Pronto nadie se acordará de los teléfonos de discado, o de
que un día hubo televisión en blanco y negro.
Ha venido
todo esto a mi mente al leer el largo reportaje especial
El año en ideas que por tercera vez, cada diciembre,
trae la revista del New York Times, y en el que se
enlistan las “nociones brillantes, invenciones relevantes, y
sueños descabellados que despegaron, o trataron de despegar
en el 2003”. Una revisión de este listado, que llena al
lector de asombro, puede llenarlo también de temor, por la
manera cómo en la cabeza de los inventores de siempre, en
esta nueva era victoriana, se está planeando el futuro, y
cómo serán los instrumentos que determinarán en el plazo
inmediato ese futuro.
Está otra
vez, como desde los tiempos del malhadado Ícaro, el hombre
con alas. Éste de ahora se lanza de un avión a 30.000 pies
de altura, y se sustenta en vuelo a una velocidad de 220
millas por hora, sin necesidad de ningún motor.
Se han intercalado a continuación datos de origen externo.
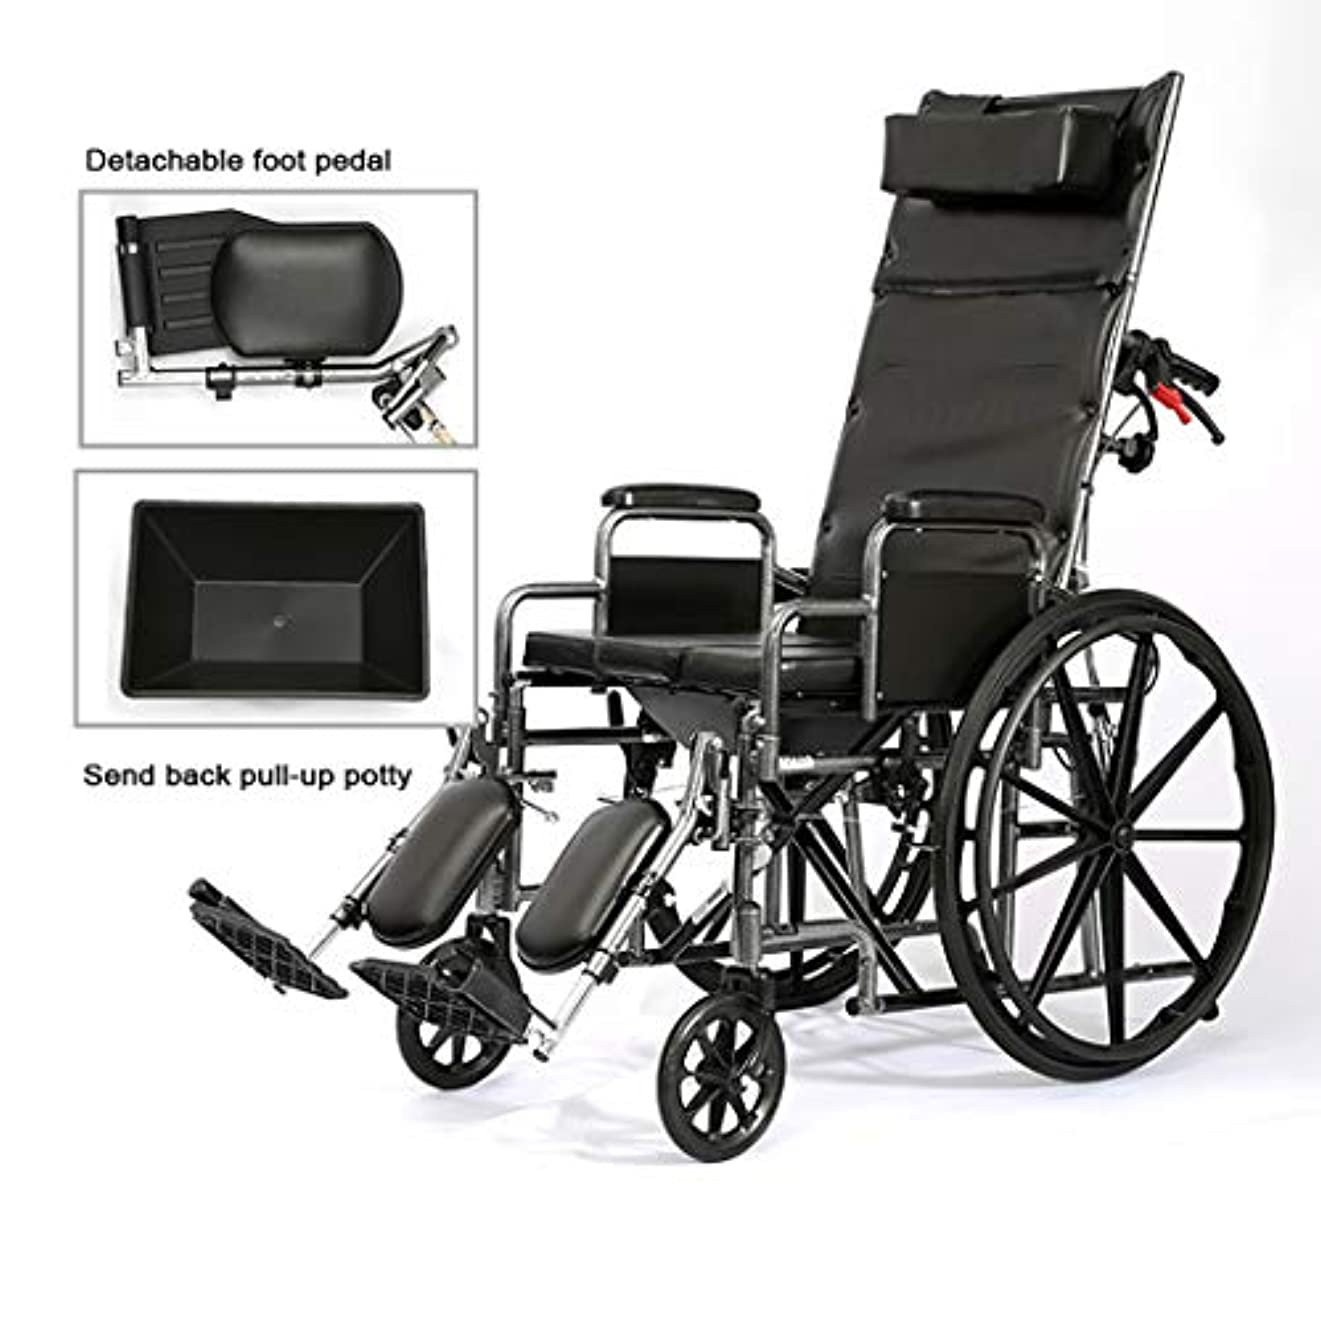 バスケットボールスペース平凡輸送用車椅子、医療用シャワー便器可動椅子、最大積載量100kg、高齢者/妊婦/身体障害者

Las alas,
amarradas a sus espaldas, están fabricadas de fibra de
carbón., y no de cera, y con ellas hay ya quien atravesó en
solitario vuelo inaugural el canal de la Mancha.
En la
cosecha de inventos del año que termina figuran otros que
parecen inocentes, aunque novedosos, como el aerosol de uso
femenino que aplicado sobre las piernas deja en la piel la
textura y brillo de unas verdaderas medias de seda; o los
anuncios de carretera inteligentes, que cambiarán de acuerdo
al promedio de preferencias de estaciones de radio que los
conductores vayan escuchando en determinado tramo, con lo
que los anunciantes podrán acercarse a sus preferencias de
consumo.
Está
también el automóvil que armado de biosensores registrará en
el panel frontal las emociones de quien lo maneja, con un
cambio de color: del plácido azul para el estado tranquilo,
al rojo encendido para el máximo de estrés, un aviso que
podrán recibir en su propio tablero los que manejan a la
saga, al lado, o por delante del susodicho, para cuidarse de
un posible accidente si el tablero se enciende a rojo. Y
también tenemos ya la línea de maquillaje para hombres
Tout Beau, que incluye base, ocultador, polvo
bronceador, depilador, lápiz de cejas, y pintura labial en
tres tonos: natural, claro, y color tabaco todo, según sus
creadores “para realzar la masculinidad”.
¿Quiere
preocuparse? Depende. La aplicación de algunos inventos
depende de la propia voluntad. La “memoria total personal”,
por ejemplo, donde una computadora registrará minuto a
minuto lo que alguien habla, aún sus monólogos más íntimos,
sus conversaciones por teléfono, su correspondencia, sus
lecturas, hasta crear un perfecto archivo de recuerdos.
Otros,
parecen de ciencia ficción, pero no lo son. La
nanotecnología, por ejemplo, que consiste en el diseño de
máquinas y robots a escala molecular. Las “nanofábricas”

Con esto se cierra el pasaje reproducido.